STARKS — Voters at Saturday’s annual town meeting approved a proposed building ordinance intended to help protect the health, safety and welfare of residents, according to town officials.

The ordinance replaced one adopted 36 years ago that was confusing and vague, they said, and the new ordinance is more consistent with state and town laws.

About 60 people turned out for the meeting at the community center. They passed all 31 articles, with few amendments, in about 2 1/2 hours, Town Clerk Jenn Zweig Hebert said Sunday.

Hebert said voters quickly approved the ordinance, which applies to construction, relocation, replacement and reconstruction of any building or structure that is 150 square feet or more, as opposed to the former ordinance, which applied to buildings that measured at least 300 square feet.

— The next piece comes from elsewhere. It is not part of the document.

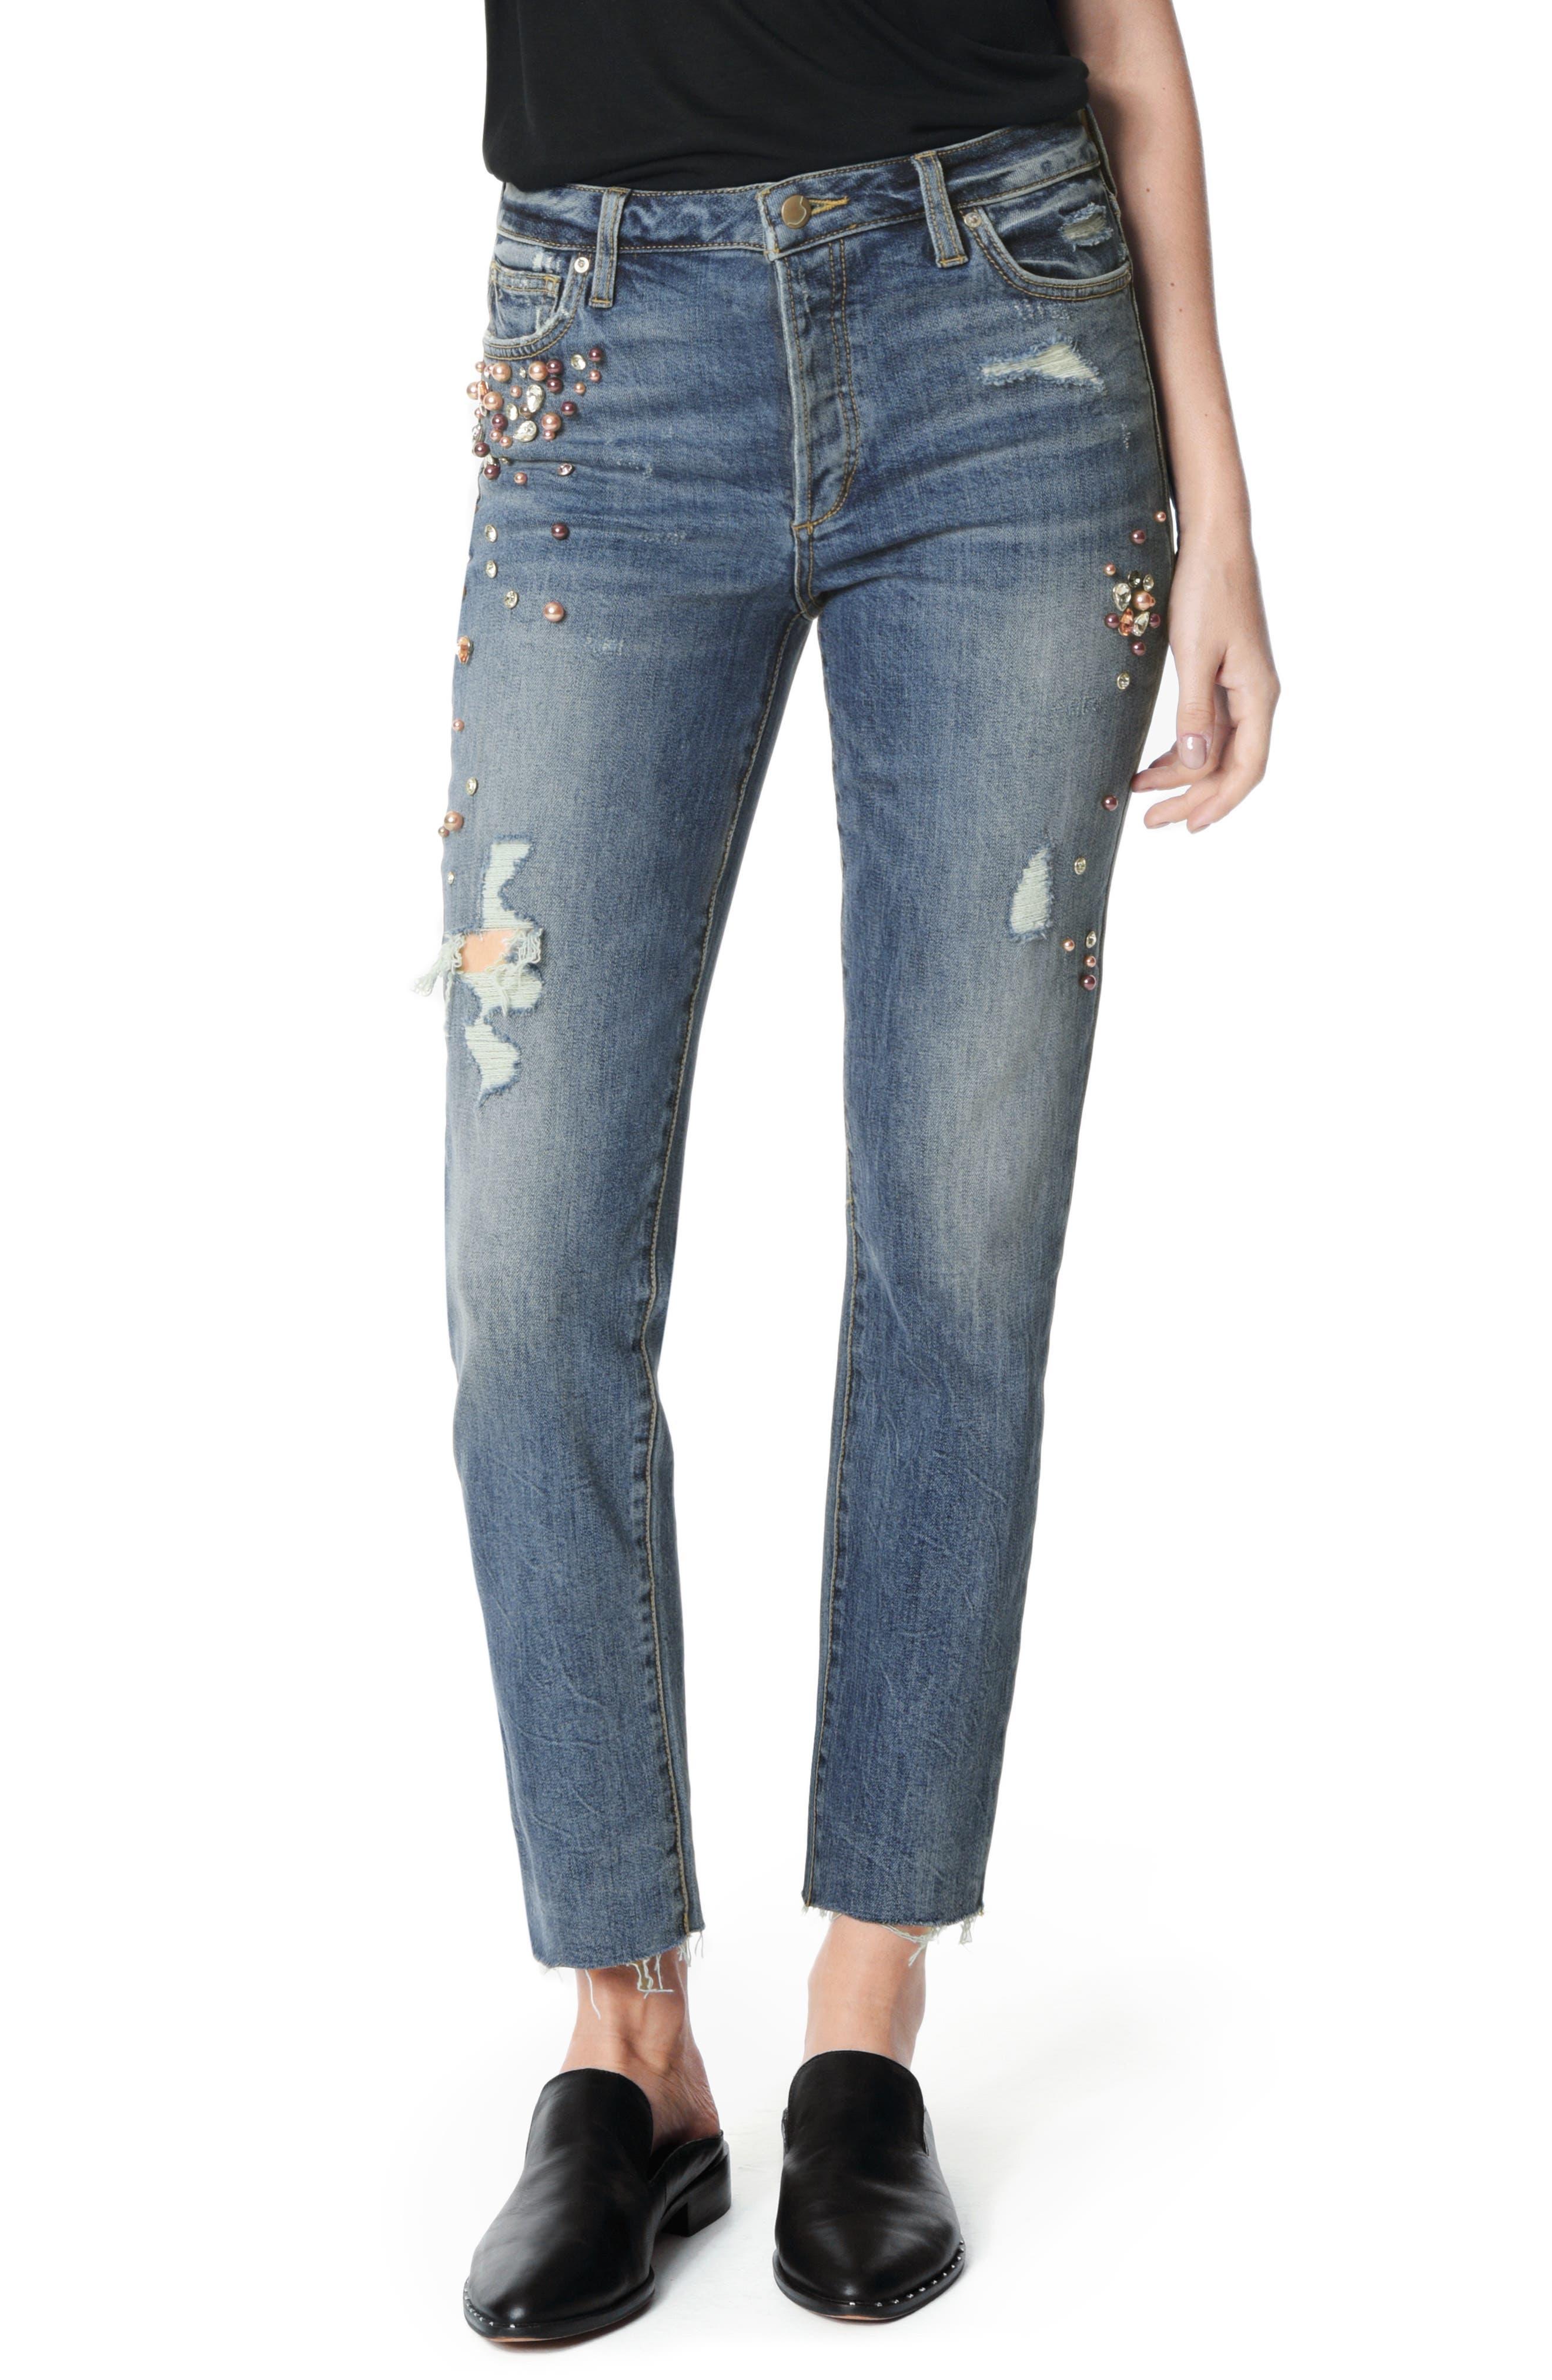 a34045dbf08317 Cheap women's boyfriend jeans for sale - Discount store - Cools.com

The new ordinance requires minimal residential parking, not in a public right of way, to be 350 square feet per dwelling, as opposed to 400 square feet. Recreational vehicles, campers and yurts used as dwellings will require permits if occupied more than 120 days in a 12-month period, and sewage and waste disposal will be required under the new ordinance.

The former ordinance required permits for dwellings occupied more than 30 days in a 12-month period. The former ordinance also required sewage and waste disposal.

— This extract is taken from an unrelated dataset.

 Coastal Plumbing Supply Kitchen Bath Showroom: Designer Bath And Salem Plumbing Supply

“It passed pretty much without comment,” Hebert said. “The Planning Board did a great job. The ordinance was on the town website and discussed at public hearings.”

The Planning Board saw room for improvements in the old ordinance, she said, and felt it could be used and enforced more easily with changes.

Hebert said voters raised and appropriated $815,798 at Saturday’s meeting. She said the town applied $33,590 from surplus to $711,330 in taxation to reduce the figure to $677,740. The figures do not include the school and county budgets.

It was unknown Sunday if the current tax rate of $13.95 per $1,000 of assessed valuation will change with the budget because the school and county figures are not yet known. The town is also in the middle of a property revaluation, which can affect the tax rate, Hebert said.

Last year, total taxation was $745,173, she said, and voters raised and appropriated $812,522.

Voters were asked Saturday if they wanted to “resolve to support a transition of ownership” of the distribution line that supplies electrical power to most of the town from Central Maine Power Co. to Madison Electric Works.


Voters approved an amendment to the article, saying they want to investigate that transition of ownership to enable selectmen to look further into the matter, according to Hebert.

“We didn’t resolve to support,” she said. “Instead, we said ‘to see if the town will investigate the transition.’ Basically, people wanted more information.”

Voters approved increasing the town’s equipment budget from $75,000 to $110,000 so the town can buy a used plow truck, Hebert said.

Voters also increased the winter roads budget from $85,000 to $100,000. Hebert said the costs of labor, salt and sand, and the cost to truck salt and sand, have increased.

In elections Friday, incumbent Selectman Ernest Hilton defeated challenger Jodi O’Connor 79-39 for a three-year term, newcomer Byrne Wright was elected to the Board of Assessors and newcomer Katie Martikke was elected to the Regional School Unit 9 board of directors. Hebert was reelected as tax collector.